Christine Johns is a Ph.D. Student at the University of North Carolina at Chapel Hill in the Department of English and Comparative Literature. Her research focuses on the intersections of literature, science, and the visual arts. She studies narrative and visual representations of underground and underwater environments, focusing on key issues such as groundwater depletion, mining, and rising sea levels.
“‘A Place with no public memory’: Pueblo and Nuevomexicano experience at the Los Alamos Nuclear Laboratory”
Presenter: Sejal Mahendru
AbstractThis paper studies the interviews by native Pueblo and LatinX Nuevomexicano workers in and around the Los Alamos Nuclear laboratory (LANL) during various stages of its existence, in conjunction with poems from established and emerging LatinX writers from the valley, in order to constellate the forgotten and ignored experiences of those to whom the land belonged. The intersecting axes of economic, racial-ethnic, nationalist identities of the people living in northern New Mexico highlight a unique experience of nuclearization unlike that of the rest of the USA. While in the national imagination, the nuclear project was often associated with United States’ growing military and political clout even as it thrust citizens’ daily lives into theoretical possibilities of annihilation, for the residents of New Mexico (especially poorer residents of color) the nuclear phenomenon was a material reality that had to be negotiated through their bodies and land. Imbricated in economic and ecological systems where citizenship and survival are constantly negotiated, the native and LatinX communities of New Mexico have responded through their own environmentalist movements, which were often at odds with mainstream Anglo Environmentalism. This paper attempts to situate these experiences within the larger framework of economic crises and political questions of citizenship to understand the complex nuclear legacies of the native communities of New Mexico.

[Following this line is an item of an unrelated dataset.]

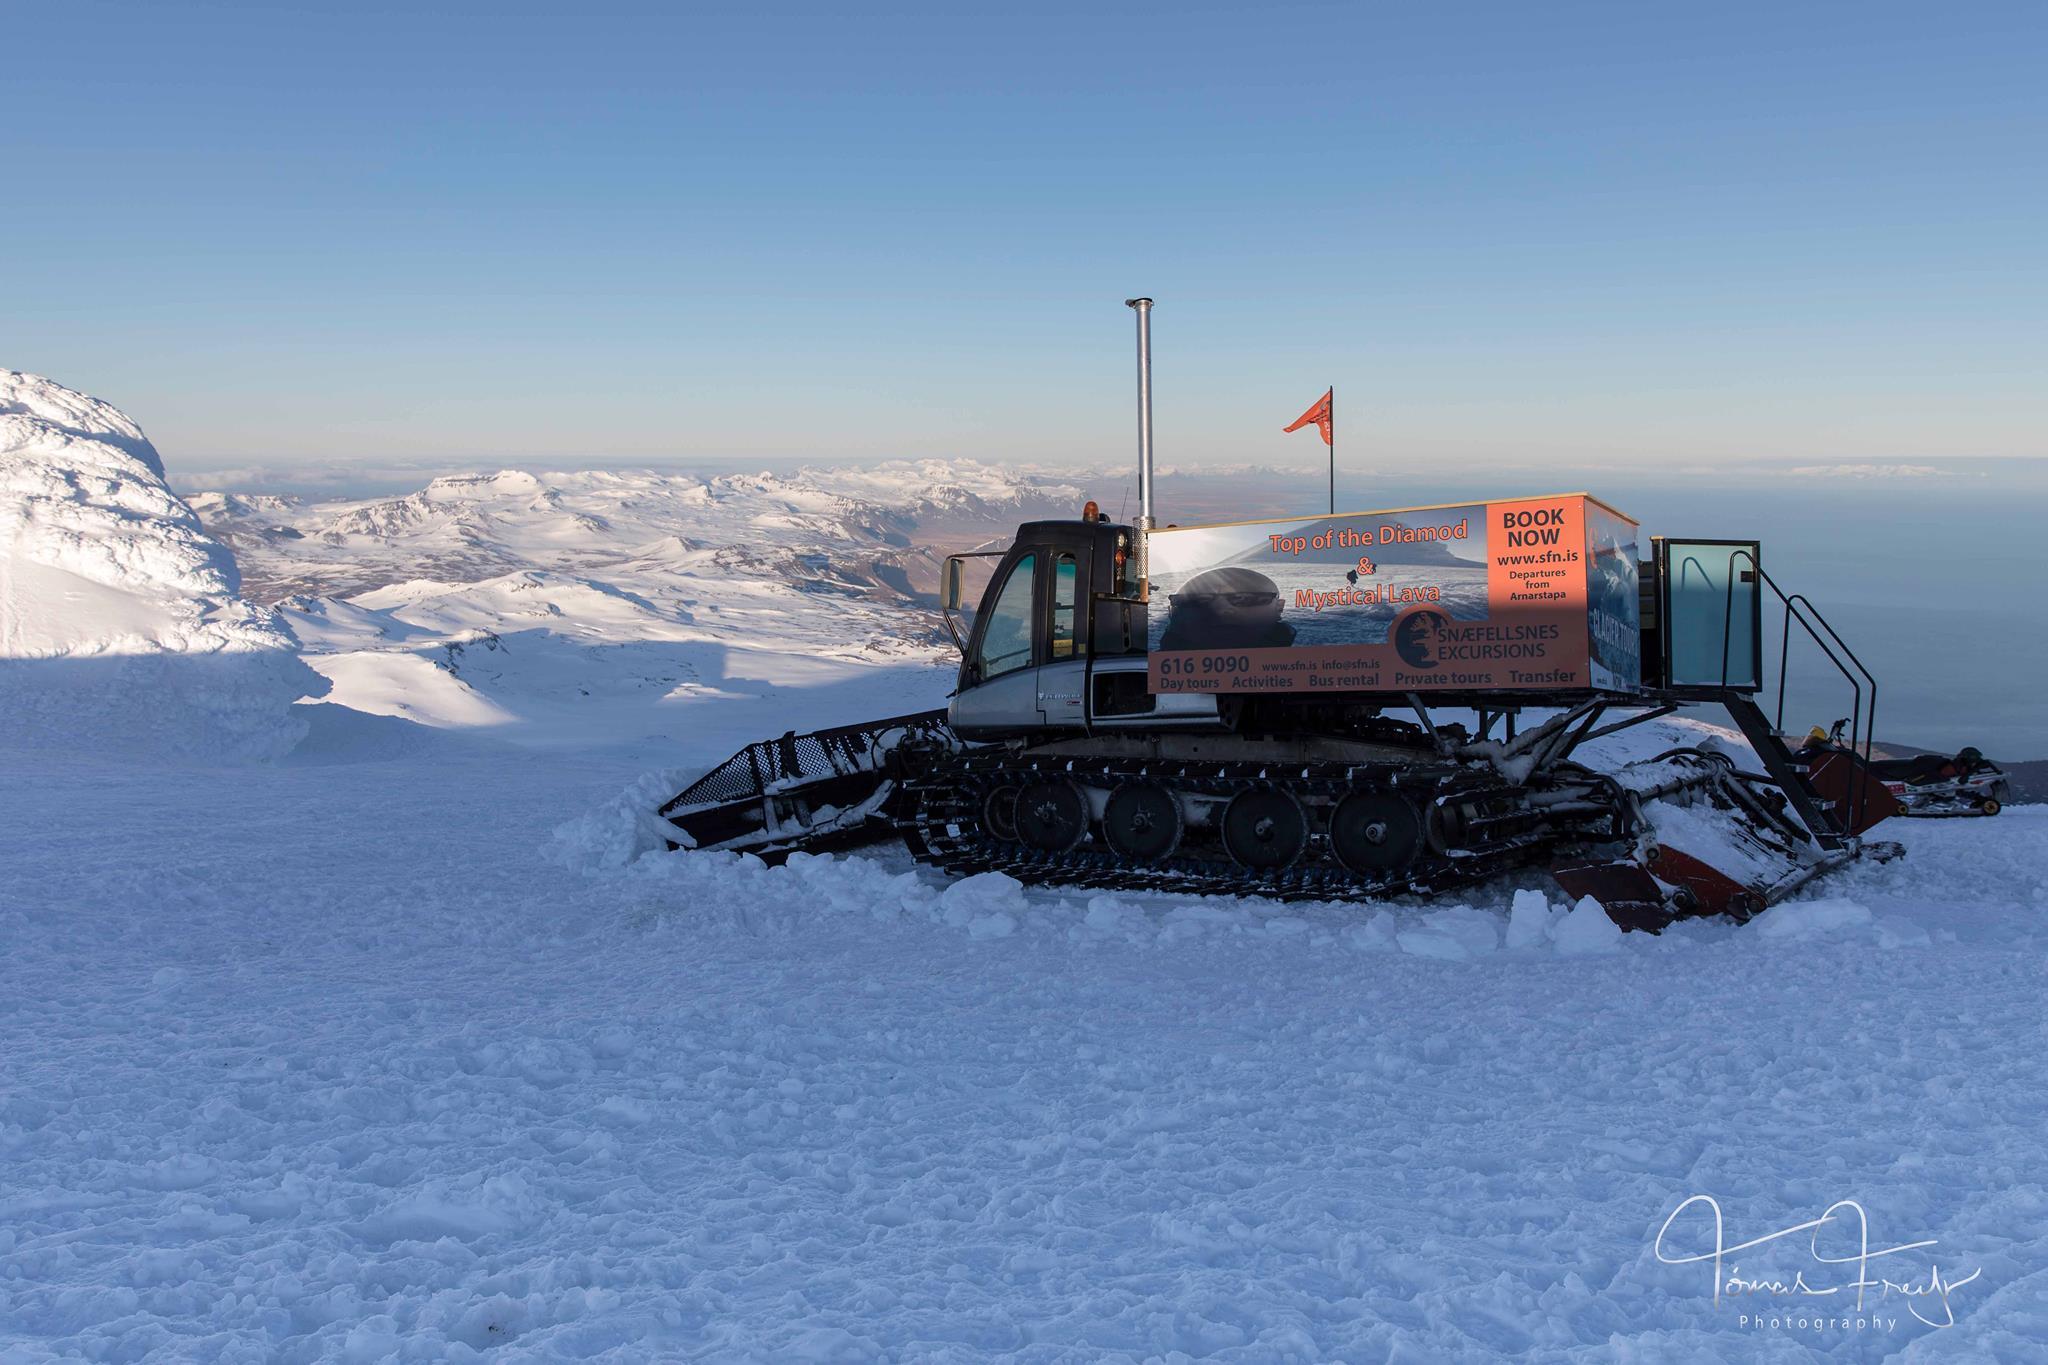 Gatto delle nevi sul ghiacciaio Snaefellsjokull.
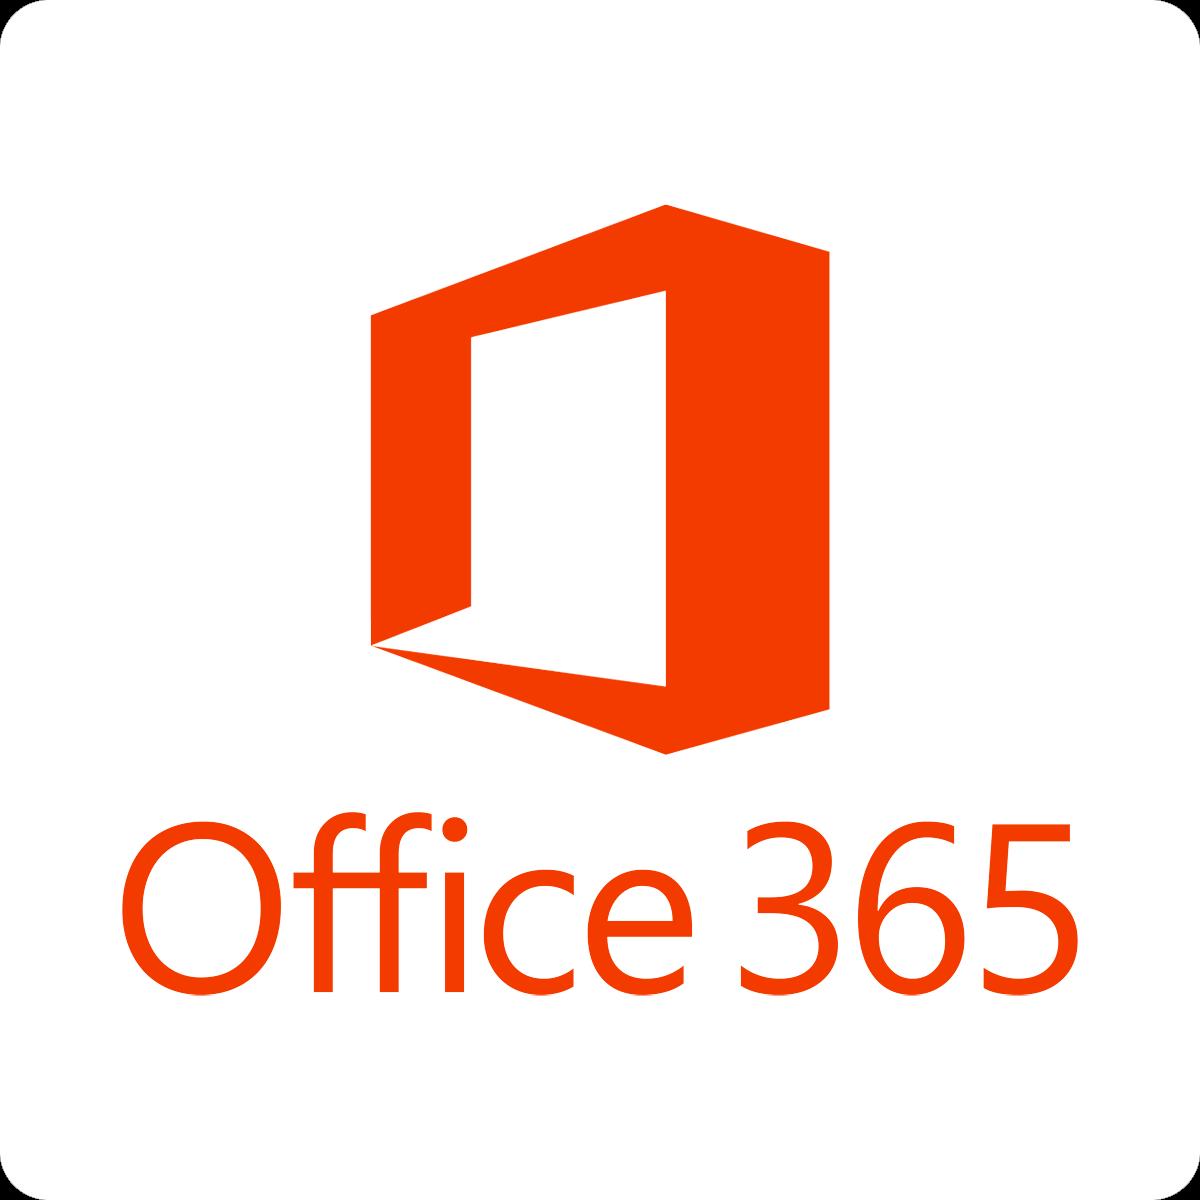 Microsoft Office 365 Product Key Full Crack 2019 Full Version [Working]

Sejal Mahendru is a second-year Ph.D. student in the Department of English and Comparative Literature at UNC-Chapel Hill, from New Delhi, India. Sejal’s interest in environmental justice is inspired by the accelerated and unequal effects of climate change in India. Her research focuses on exploring the intersections of the environmental and geopolitical effects of nuclear energy through their representation in literature and film.